EXTRACTED MATERIAL Block Start

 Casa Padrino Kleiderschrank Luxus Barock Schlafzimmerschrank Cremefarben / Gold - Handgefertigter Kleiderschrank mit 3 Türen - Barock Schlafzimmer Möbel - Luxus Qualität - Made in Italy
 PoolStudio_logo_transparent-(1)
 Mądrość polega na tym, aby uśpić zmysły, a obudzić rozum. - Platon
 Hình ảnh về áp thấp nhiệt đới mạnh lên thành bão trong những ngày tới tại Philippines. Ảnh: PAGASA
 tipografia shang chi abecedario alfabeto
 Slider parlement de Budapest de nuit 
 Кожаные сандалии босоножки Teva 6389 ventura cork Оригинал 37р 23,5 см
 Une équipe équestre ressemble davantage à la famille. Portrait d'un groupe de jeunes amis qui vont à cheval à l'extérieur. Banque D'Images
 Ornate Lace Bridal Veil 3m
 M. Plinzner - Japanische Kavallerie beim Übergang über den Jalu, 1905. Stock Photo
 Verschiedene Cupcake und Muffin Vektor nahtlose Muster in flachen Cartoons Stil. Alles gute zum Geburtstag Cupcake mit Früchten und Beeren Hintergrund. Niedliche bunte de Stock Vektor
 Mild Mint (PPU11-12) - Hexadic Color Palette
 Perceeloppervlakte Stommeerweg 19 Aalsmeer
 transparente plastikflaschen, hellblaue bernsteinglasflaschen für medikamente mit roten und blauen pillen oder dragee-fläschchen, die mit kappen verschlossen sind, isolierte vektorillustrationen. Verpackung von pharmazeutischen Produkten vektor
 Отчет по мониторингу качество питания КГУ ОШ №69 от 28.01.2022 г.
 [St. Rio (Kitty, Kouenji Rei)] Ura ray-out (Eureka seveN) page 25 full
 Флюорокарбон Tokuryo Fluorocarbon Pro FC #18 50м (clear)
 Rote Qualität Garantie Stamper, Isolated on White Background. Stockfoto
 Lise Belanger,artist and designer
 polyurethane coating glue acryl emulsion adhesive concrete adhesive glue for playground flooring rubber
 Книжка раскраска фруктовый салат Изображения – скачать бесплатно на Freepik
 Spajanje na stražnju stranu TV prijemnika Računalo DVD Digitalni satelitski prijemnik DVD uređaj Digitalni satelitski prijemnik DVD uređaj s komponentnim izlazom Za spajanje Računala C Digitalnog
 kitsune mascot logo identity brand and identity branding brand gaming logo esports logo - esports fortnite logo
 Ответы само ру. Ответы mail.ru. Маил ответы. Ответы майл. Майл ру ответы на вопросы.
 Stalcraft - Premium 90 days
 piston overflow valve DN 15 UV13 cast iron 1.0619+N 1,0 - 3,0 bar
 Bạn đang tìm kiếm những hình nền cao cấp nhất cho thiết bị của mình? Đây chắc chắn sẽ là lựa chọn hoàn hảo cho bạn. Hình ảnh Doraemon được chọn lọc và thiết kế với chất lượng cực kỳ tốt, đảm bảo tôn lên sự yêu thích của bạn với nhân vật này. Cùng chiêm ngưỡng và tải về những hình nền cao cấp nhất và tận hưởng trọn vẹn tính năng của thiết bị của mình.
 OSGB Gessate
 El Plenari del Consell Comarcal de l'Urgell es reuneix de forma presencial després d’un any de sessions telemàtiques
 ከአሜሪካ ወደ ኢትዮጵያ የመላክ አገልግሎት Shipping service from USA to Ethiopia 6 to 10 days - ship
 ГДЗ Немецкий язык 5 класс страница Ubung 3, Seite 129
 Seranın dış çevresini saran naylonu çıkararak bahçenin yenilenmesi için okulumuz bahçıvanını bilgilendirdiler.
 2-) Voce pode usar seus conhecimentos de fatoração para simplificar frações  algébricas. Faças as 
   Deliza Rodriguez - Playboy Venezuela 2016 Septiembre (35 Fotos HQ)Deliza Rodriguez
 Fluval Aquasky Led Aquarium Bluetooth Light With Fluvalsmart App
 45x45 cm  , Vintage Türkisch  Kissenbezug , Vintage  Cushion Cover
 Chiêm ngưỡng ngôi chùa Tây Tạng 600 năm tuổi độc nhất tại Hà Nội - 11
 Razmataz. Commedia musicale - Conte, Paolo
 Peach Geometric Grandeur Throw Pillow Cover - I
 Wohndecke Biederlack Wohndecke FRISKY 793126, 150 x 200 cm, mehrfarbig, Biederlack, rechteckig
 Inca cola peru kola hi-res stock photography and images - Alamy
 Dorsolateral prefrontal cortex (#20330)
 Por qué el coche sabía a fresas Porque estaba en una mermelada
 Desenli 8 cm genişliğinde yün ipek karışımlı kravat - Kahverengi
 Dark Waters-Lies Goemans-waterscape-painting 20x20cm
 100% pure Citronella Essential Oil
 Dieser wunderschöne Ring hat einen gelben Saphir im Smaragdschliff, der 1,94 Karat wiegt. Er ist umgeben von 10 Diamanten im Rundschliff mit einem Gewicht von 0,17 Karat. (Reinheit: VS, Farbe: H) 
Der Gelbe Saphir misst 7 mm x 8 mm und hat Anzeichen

EXTRACTED MATERIAL Block End

WHAT YOU ARE ASKED TO DO
In the entries above, the lines between the one holding "Spajanje na stražnju" and the one holding "ГДЗ Немецкий язык", inclusive, are to be printed exactly as written, and those alone.

FINISHED TASK
 Spajanje na stražnju stranu TV prijemnika Računalo DVD Digitalni satelitski prijemnik DVD uređaj Digitalni satelitski prijemnik DVD uređaj s komponentnim izlazom Za spajanje Računala C Digitalnog
 kitsune mascot logo identity brand and identity branding brand gaming logo esports logo - esports fortnite logo
 Ответы само ру. Ответы mail.ru. Маил ответы. Ответы майл. Майл ру ответы на вопросы.
 Stalcraft - Premium 90 days
 piston overflow valve DN 15 UV13 cast iron 1.0619+N 1,0 - 3,0 bar
 Bạn đang tìm kiếm những hình nền cao cấp nhất cho thiết bị của mình? Đây chắc chắn sẽ là lựa chọn hoàn hảo cho bạn. Hình ảnh Doraemon được chọn lọc và thiết kế với chất lượng cực kỳ tốt, đảm bảo tôn lên sự yêu thích của bạn với nhân vật này. Cùng chiêm ngưỡng và tải về những hình nền cao cấp nhất và tận hưởng trọn vẹn tính năng của thiết bị của mình.
 OSGB Gessate
 El Plenari del Consell Comarcal de l'Urgell es reuneix de forma presencial després d’un any de sessions telemàtiques
 ከአሜሪካ ወደ ኢትዮጵያ የመላክ አገልግሎት Shipping service from USA to Ethiopia 6 to 10 days - ship
 ГДЗ Немецкий язык 5 класс страница Ubung 3, Seite 129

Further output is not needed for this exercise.